=== PROBLEM DETAILS ===
Skip every picture, and copy exactly the lines from the one containing "Bostitch Antimicrobial Adjustable Hole Punch" to the end of the data.

=== INFORMATION SUPPLIED ===
::::::::

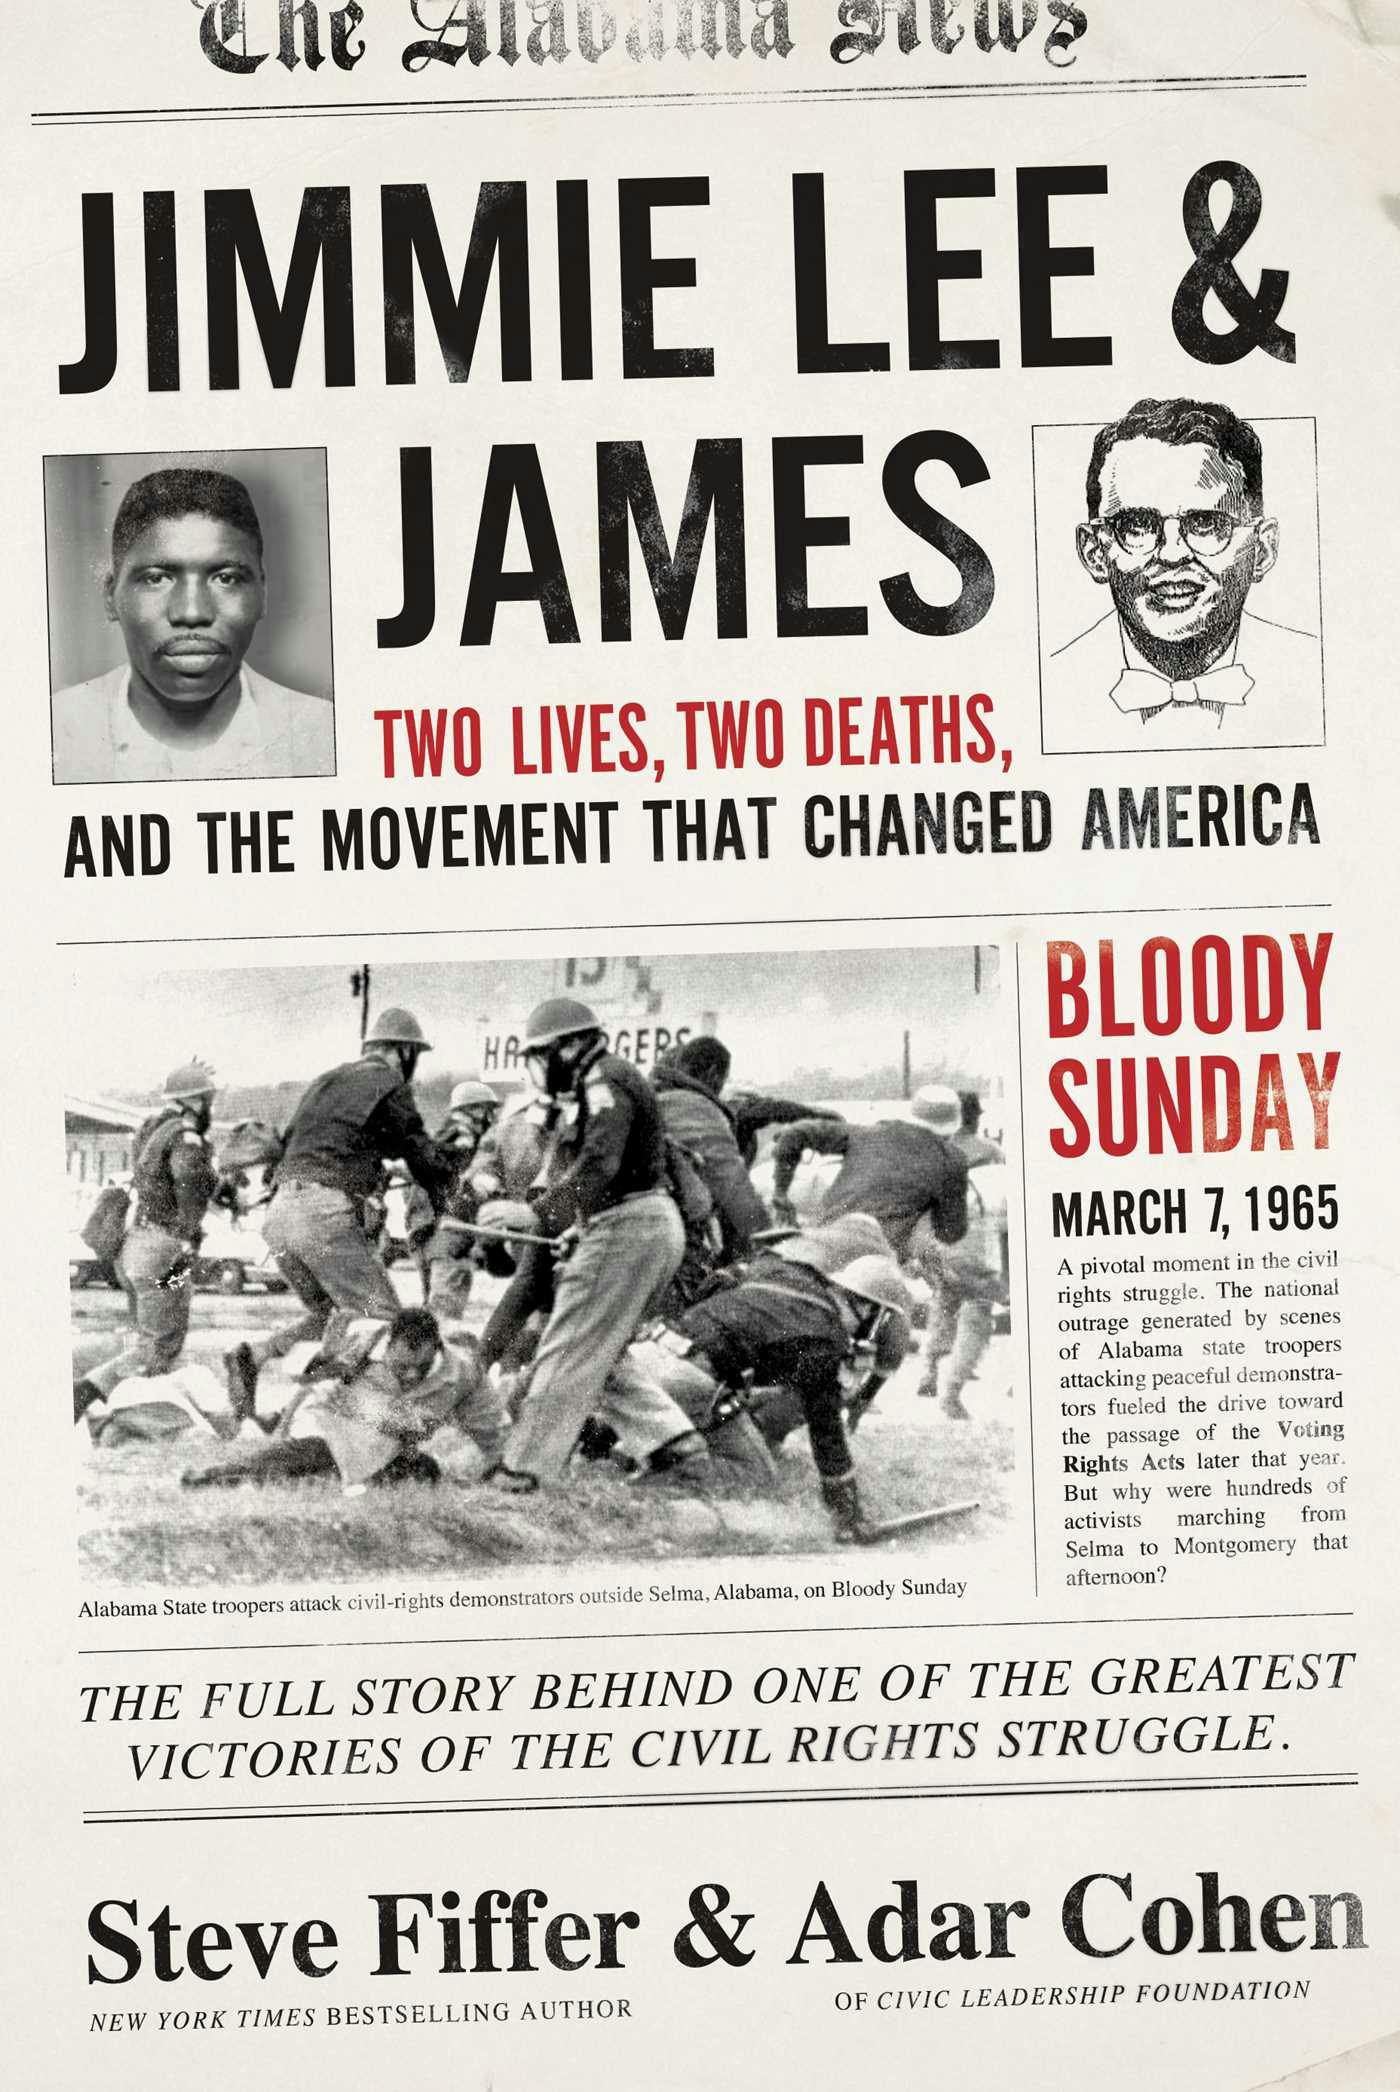 Jimmie Lee & James: Two Lives, Two Deaths, and the Movement that Changed America - Adar Cohen, Steve Fiffer
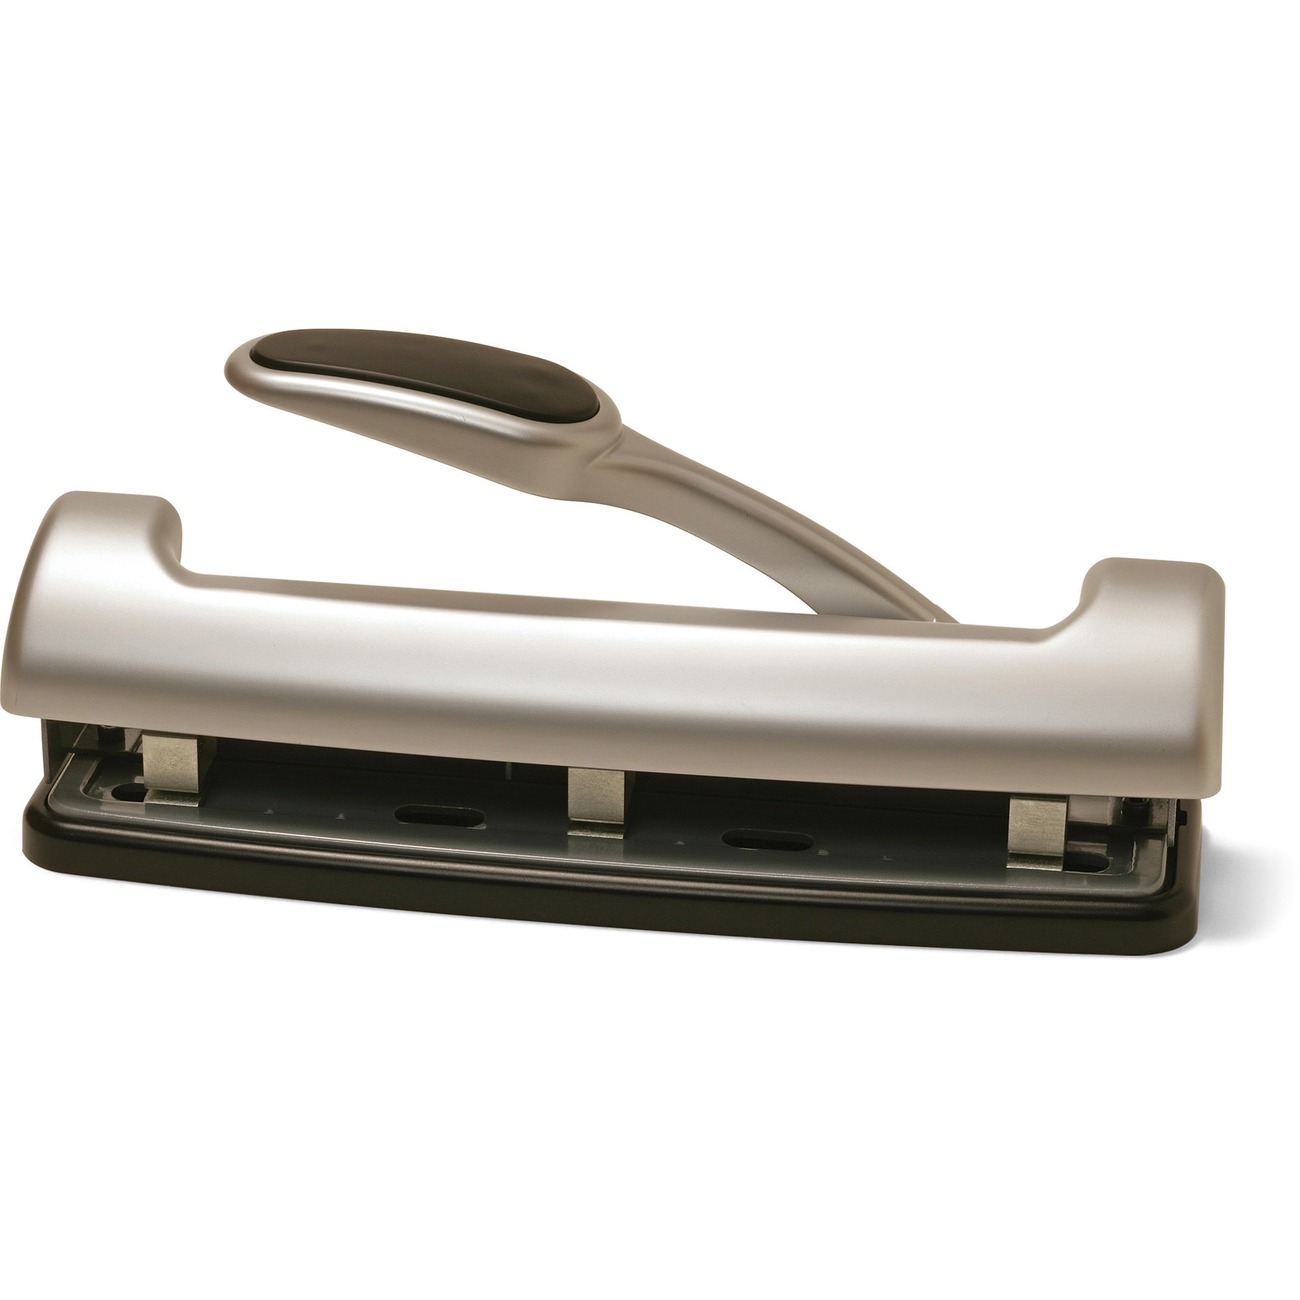 Bostitch Antimicrobial Adjustable Hole Punch
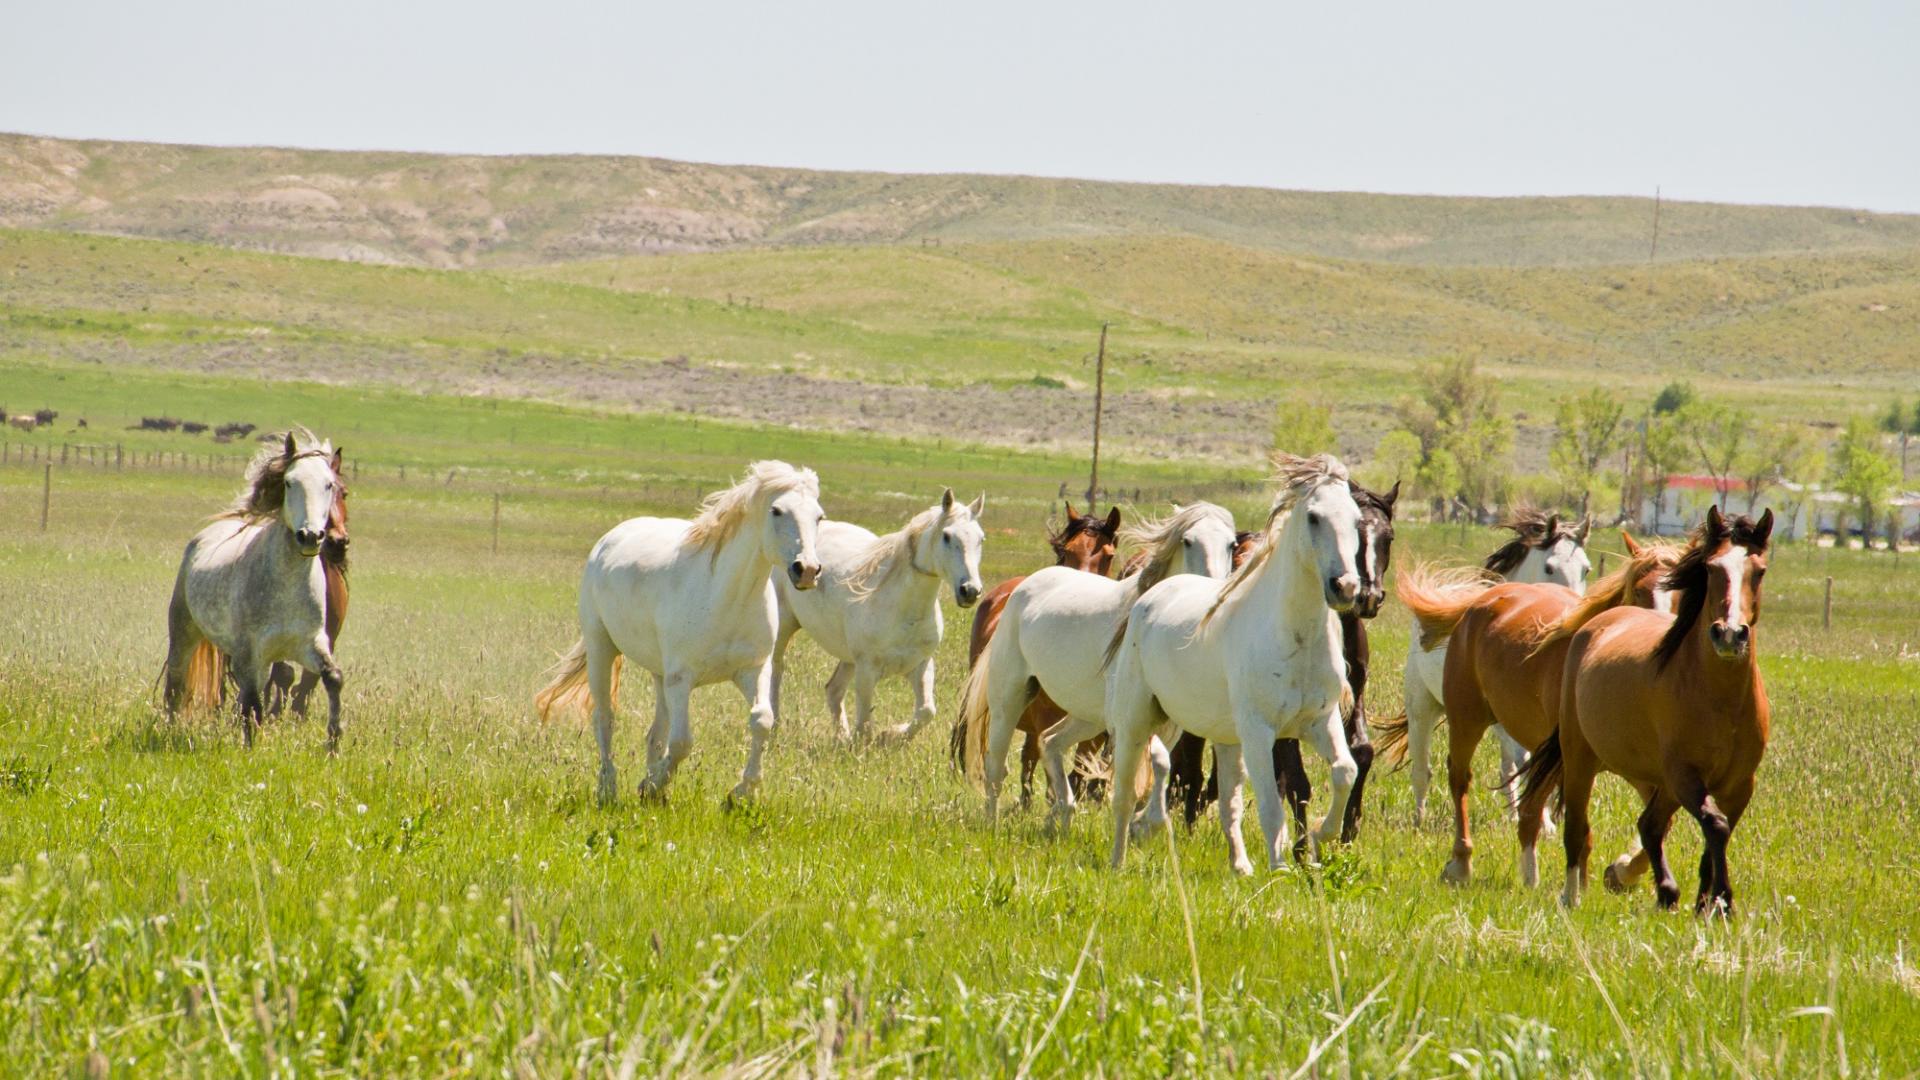 Wild Horses in Wyoming | Travel Wyoming. That's WY

::::::::

=== PROBLEM SOLUTION ===
 Bostitch Antimicrobial Adjustable Hole Punch
 Wild Horses in Wyoming | Travel Wyoming. That's WY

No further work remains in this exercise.